ACTION ITEM: Go through the data and copy every line exactly, but not the images.

DATASET SECTION:
—————

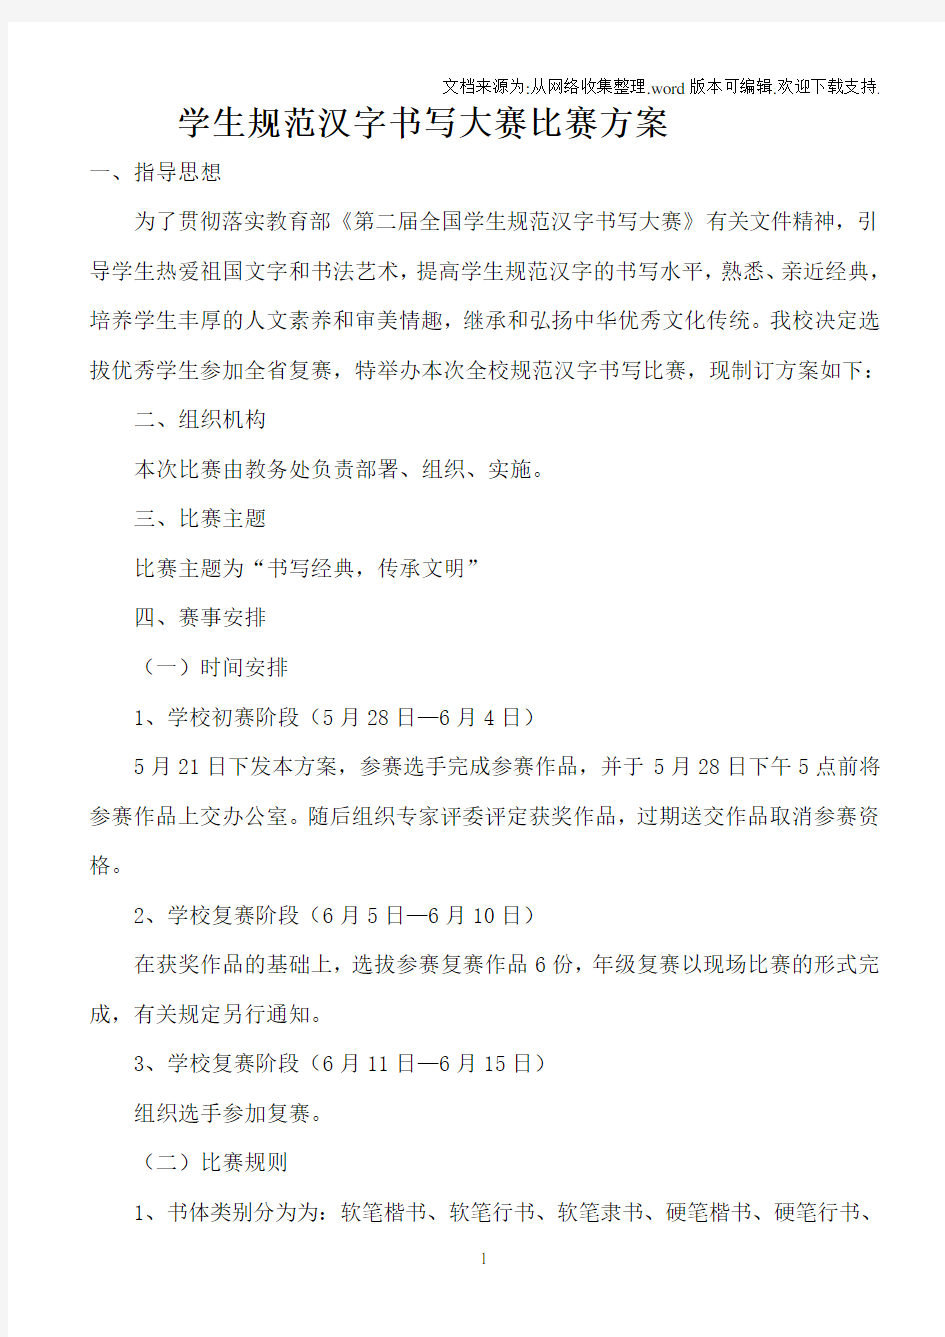 学生规范汉字书写大赛比赛方案
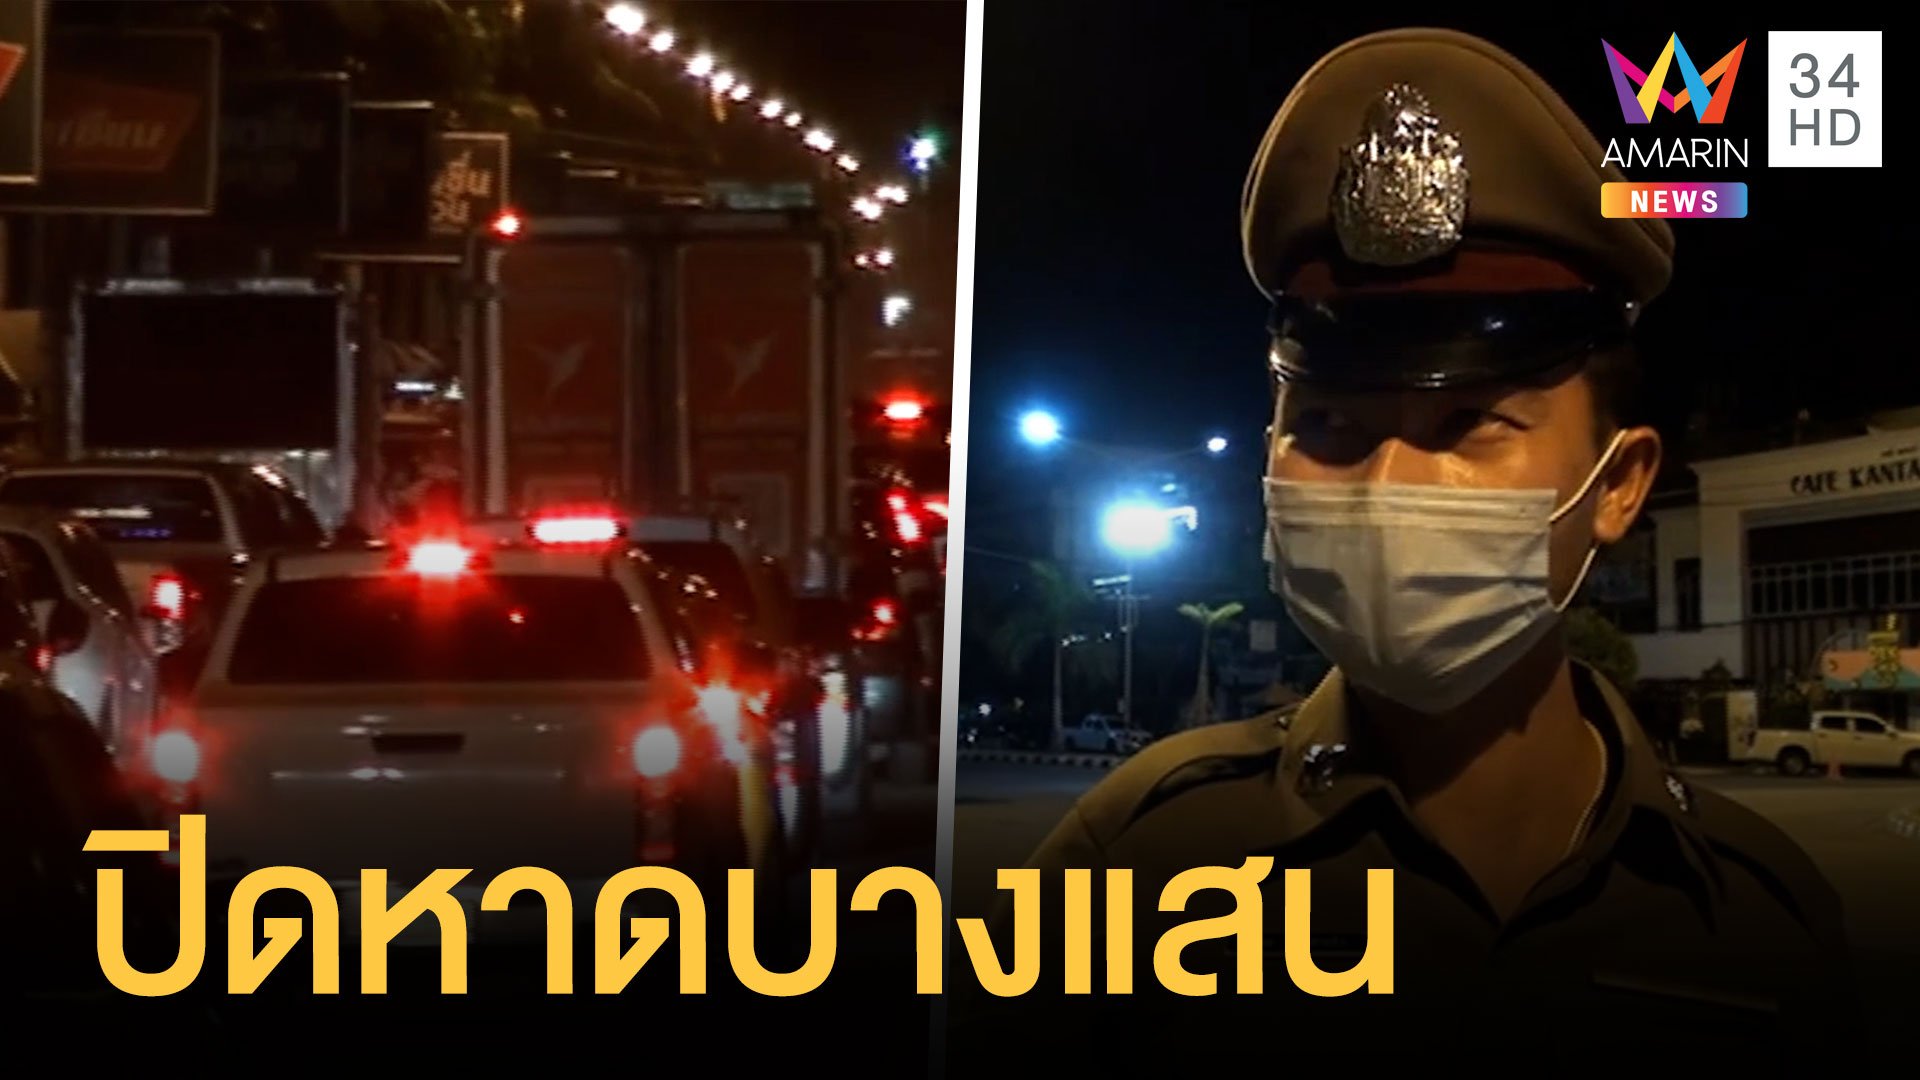 รถซิ่งนัดรวมตัวบางแสน ผู้ว่าฯ ชลบุรีสั่งปิดแล้ว | ข่าวอรุณอมรินทร์ | 27 มิ.ย. 64 | AMARIN TVHD34
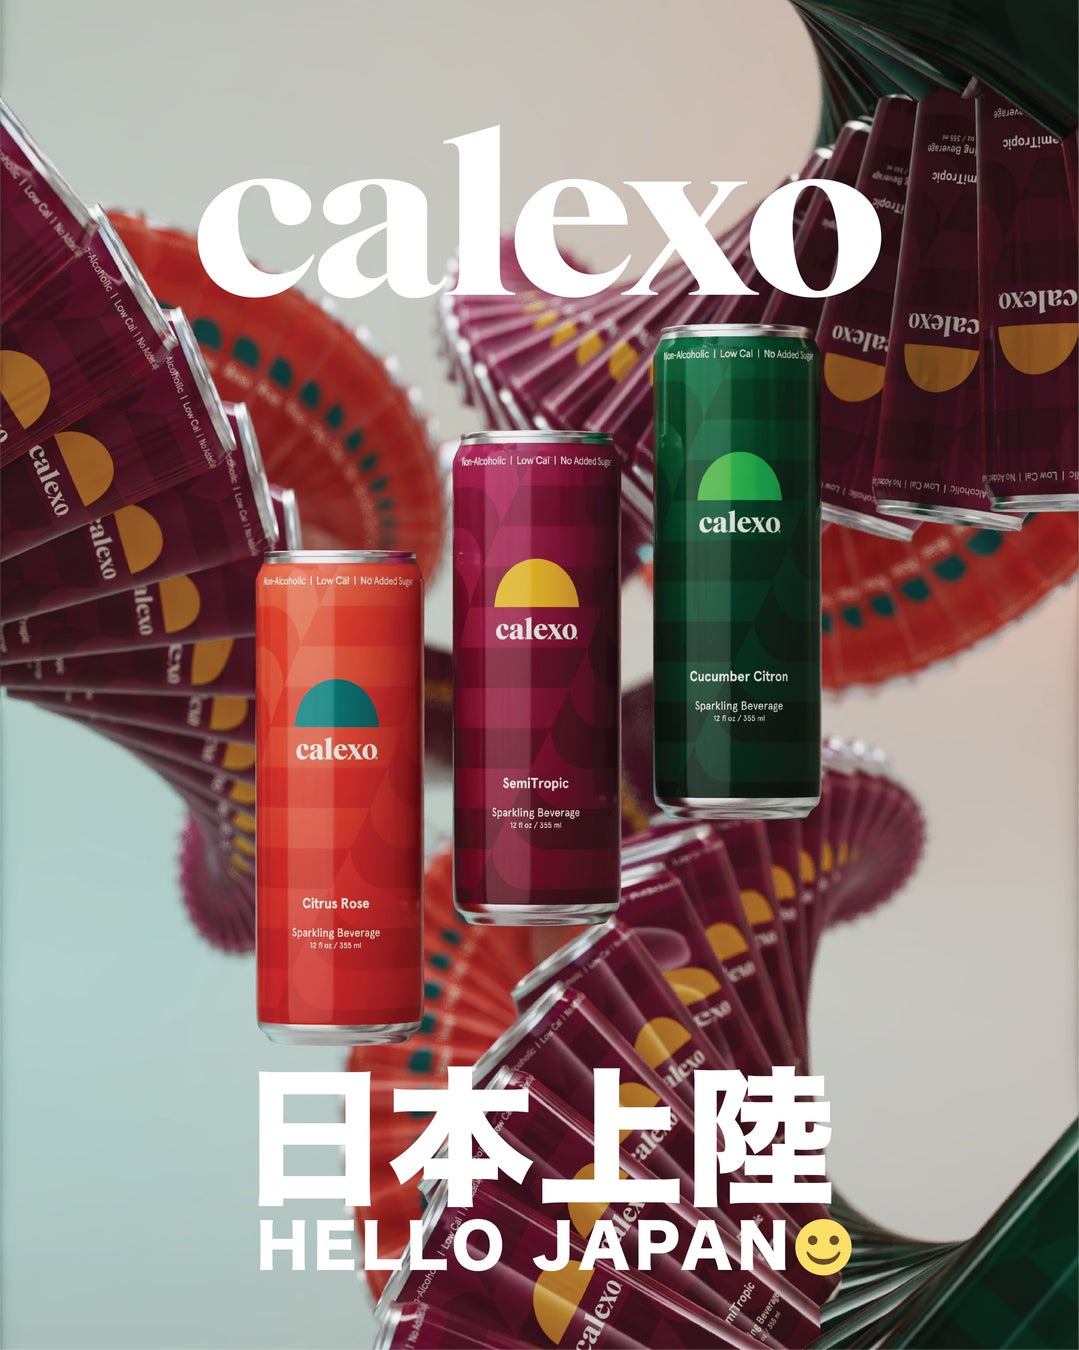 CALEXO JAPAN、LA発プレミアムノンアルカクテル「CALEXO」を日本発売決定！

—————

RESPONSE TO THIS TASK:
 学生规范汉字书写大赛比赛方案
 รถซิ่งนัดรวมตัวบางแสน ผู้ว่าฯ ชลบุรีสั่งปิดแล้ว | ข่าวอรุณอมรินทร์ | 27 มิ.ย. 64 | AMARIN TVHD34
 CALEXO JAPAN、LA発プレミアムノンアルカクテル「CALEXO」を日本発売決定！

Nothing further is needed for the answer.